▶ _PROBLEM DESCRIPTION_
Pictures aside, write out the data exactly as it reads.

#### DATA BELOW

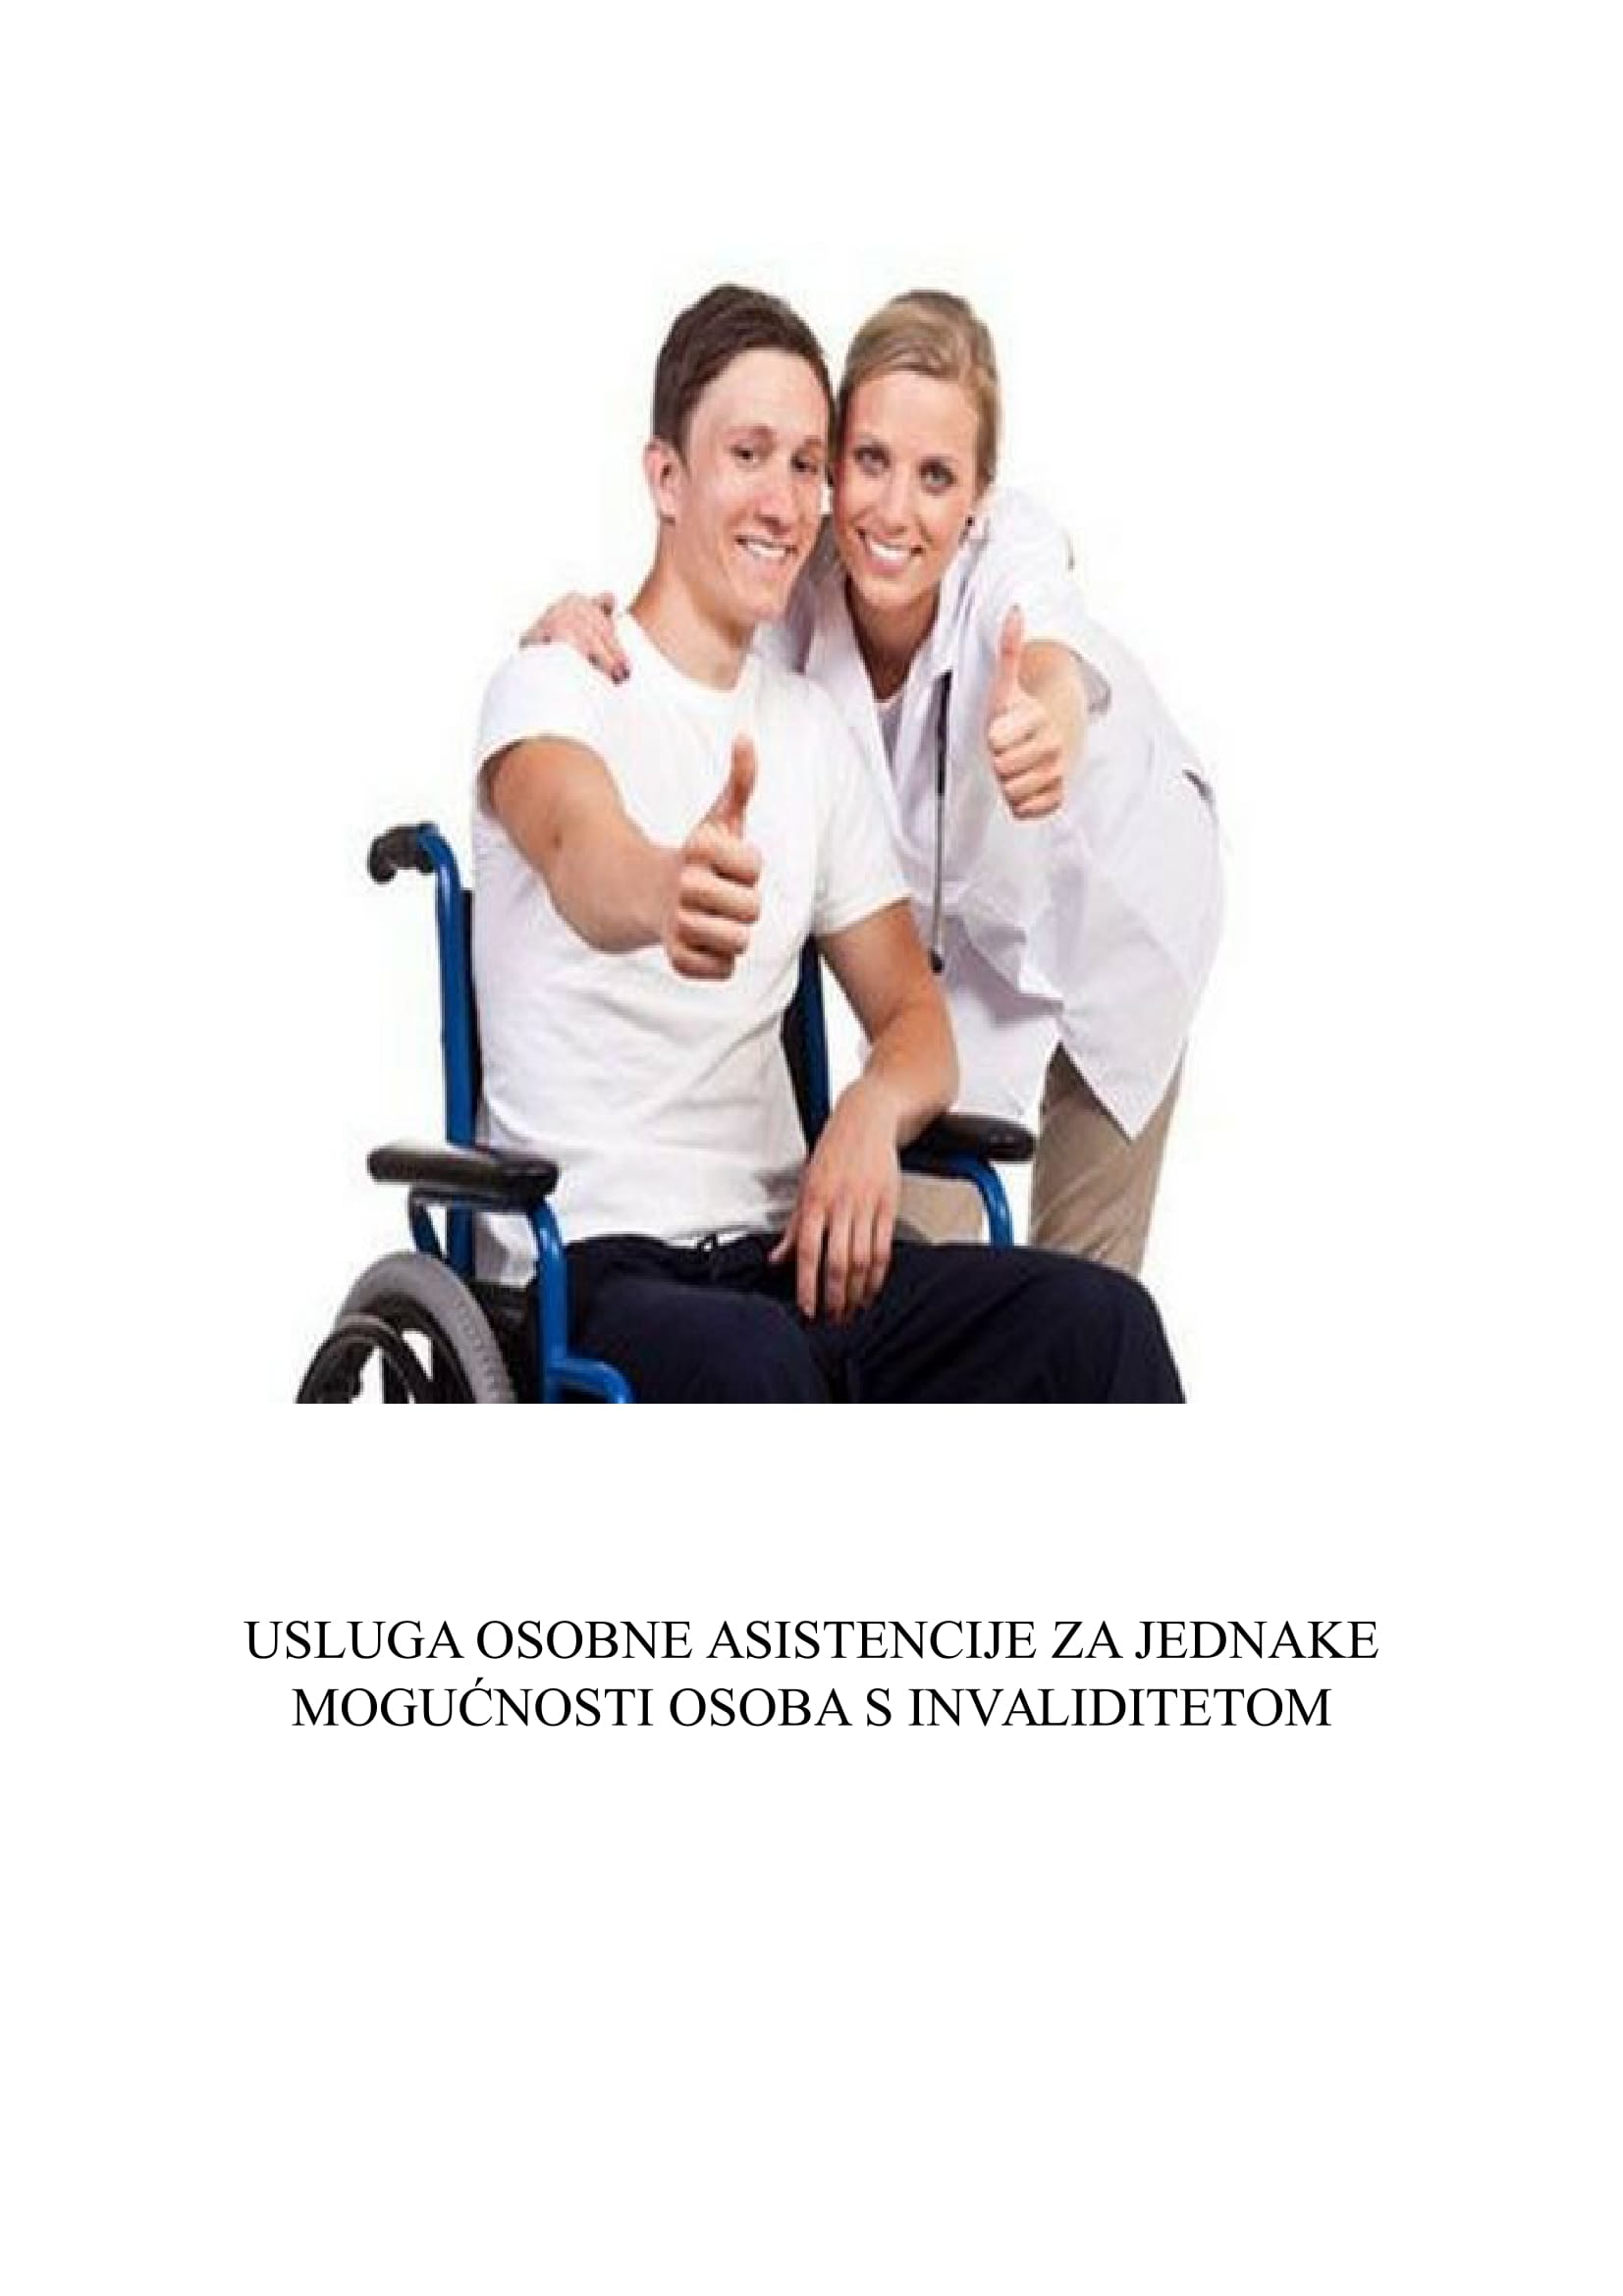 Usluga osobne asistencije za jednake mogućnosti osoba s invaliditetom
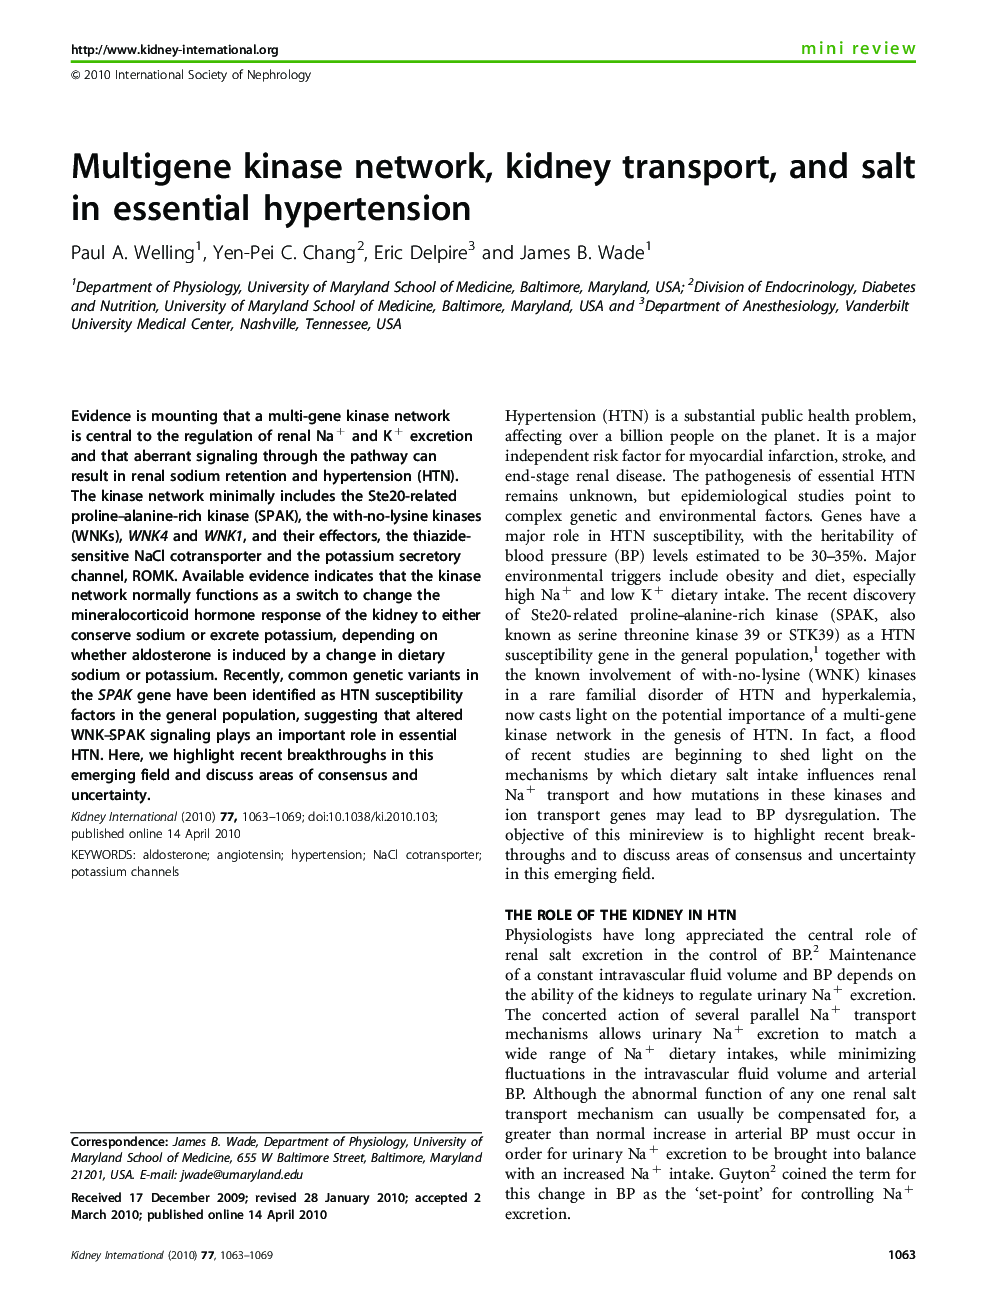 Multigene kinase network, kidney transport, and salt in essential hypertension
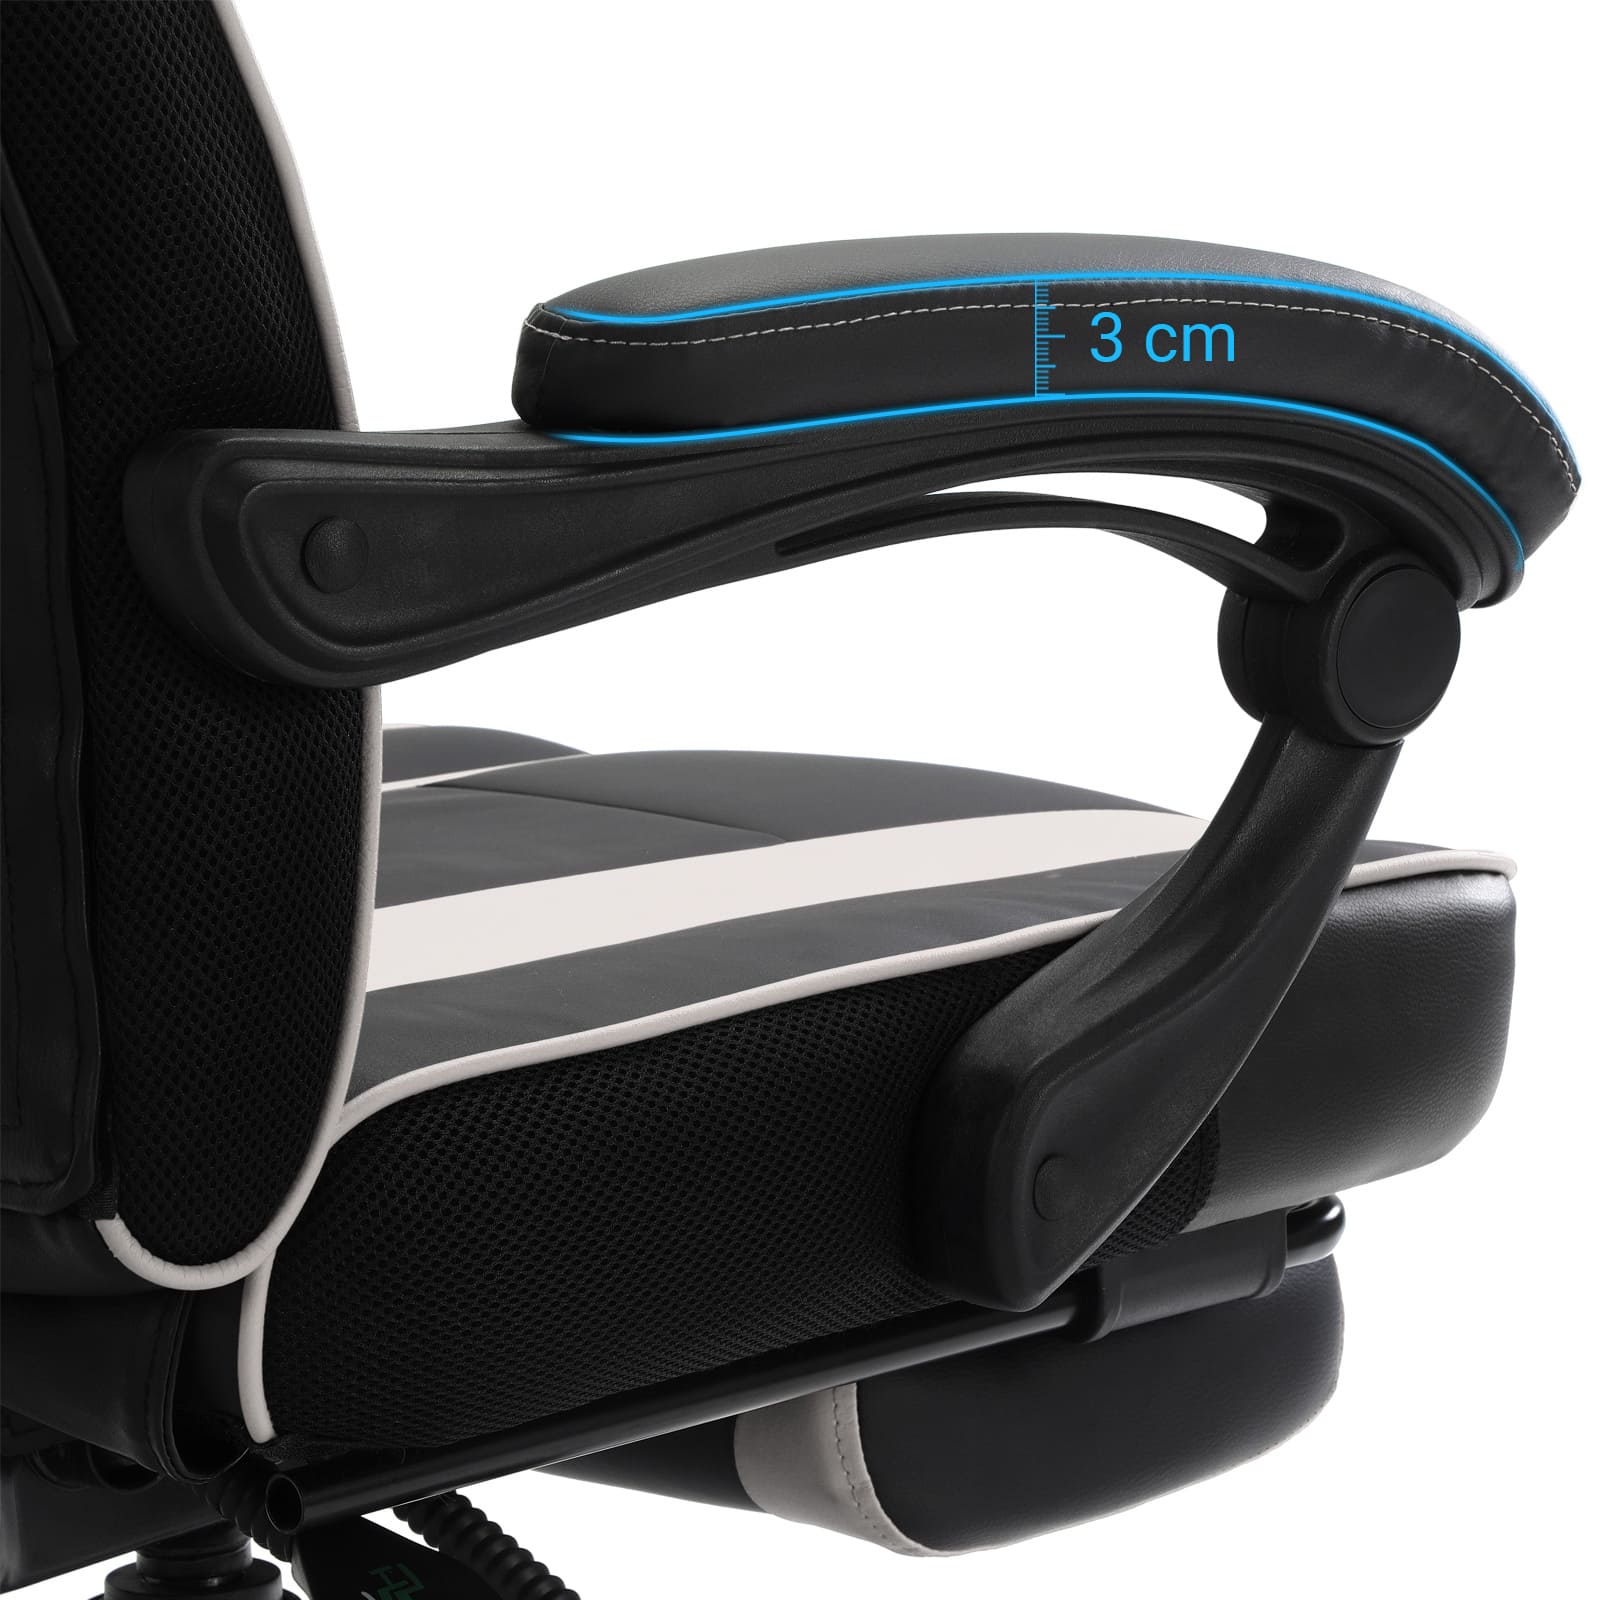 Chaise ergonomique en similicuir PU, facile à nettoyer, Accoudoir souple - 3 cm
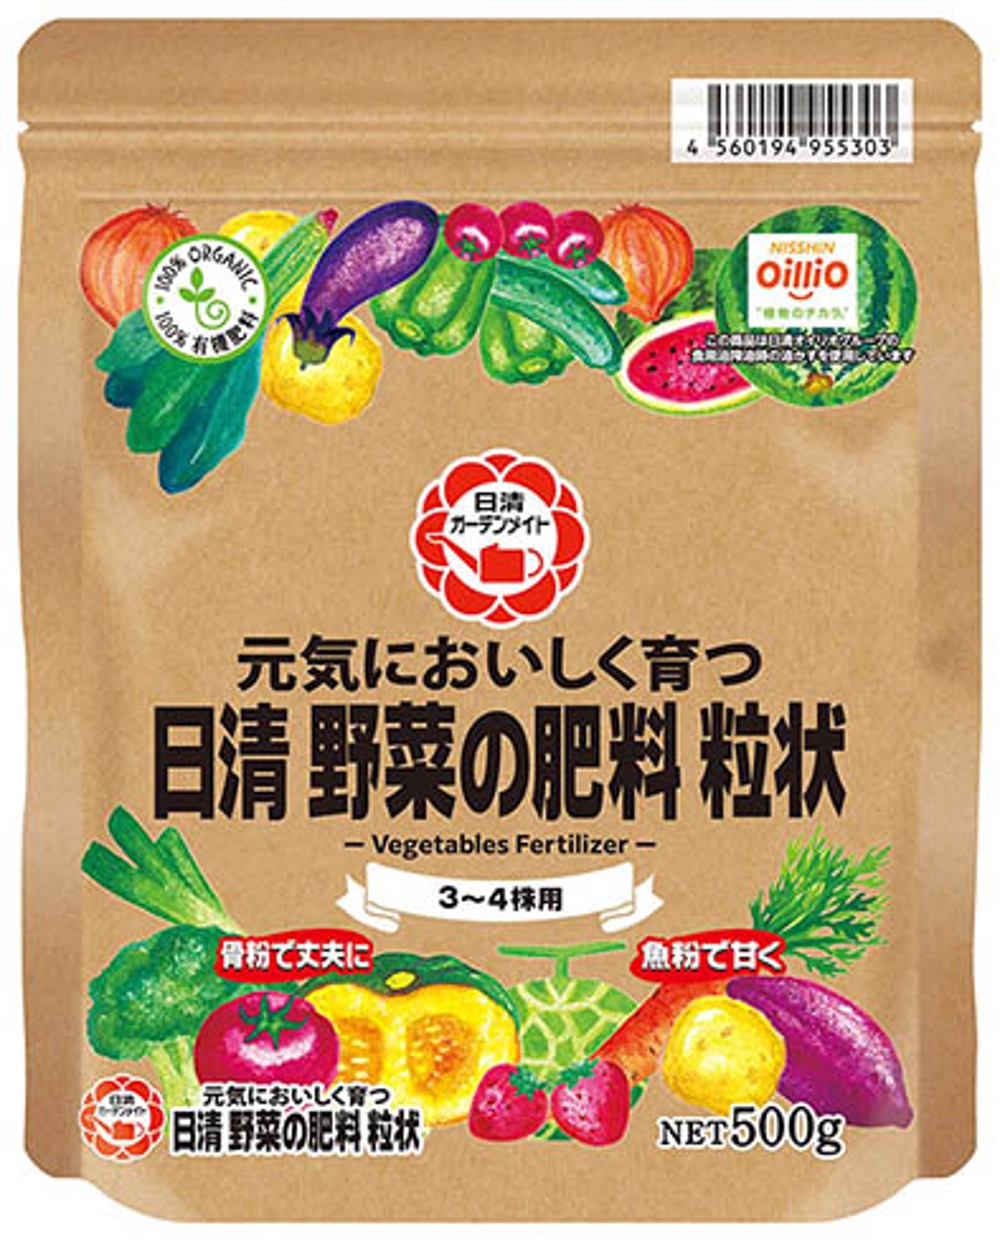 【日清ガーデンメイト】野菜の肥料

########

▶ _FINAL ANSWER_
 Usluga osobne asistencije za jednake mogućnosti osoba s invaliditetom
 Multigene kinase network, kidney transport, and salt in essential hypertension
 Chaise ergonomique en similicuir PU, facile à nettoyer, Accoudoir souple - 3 cm
 【日清ガーデンメイト】野菜の肥料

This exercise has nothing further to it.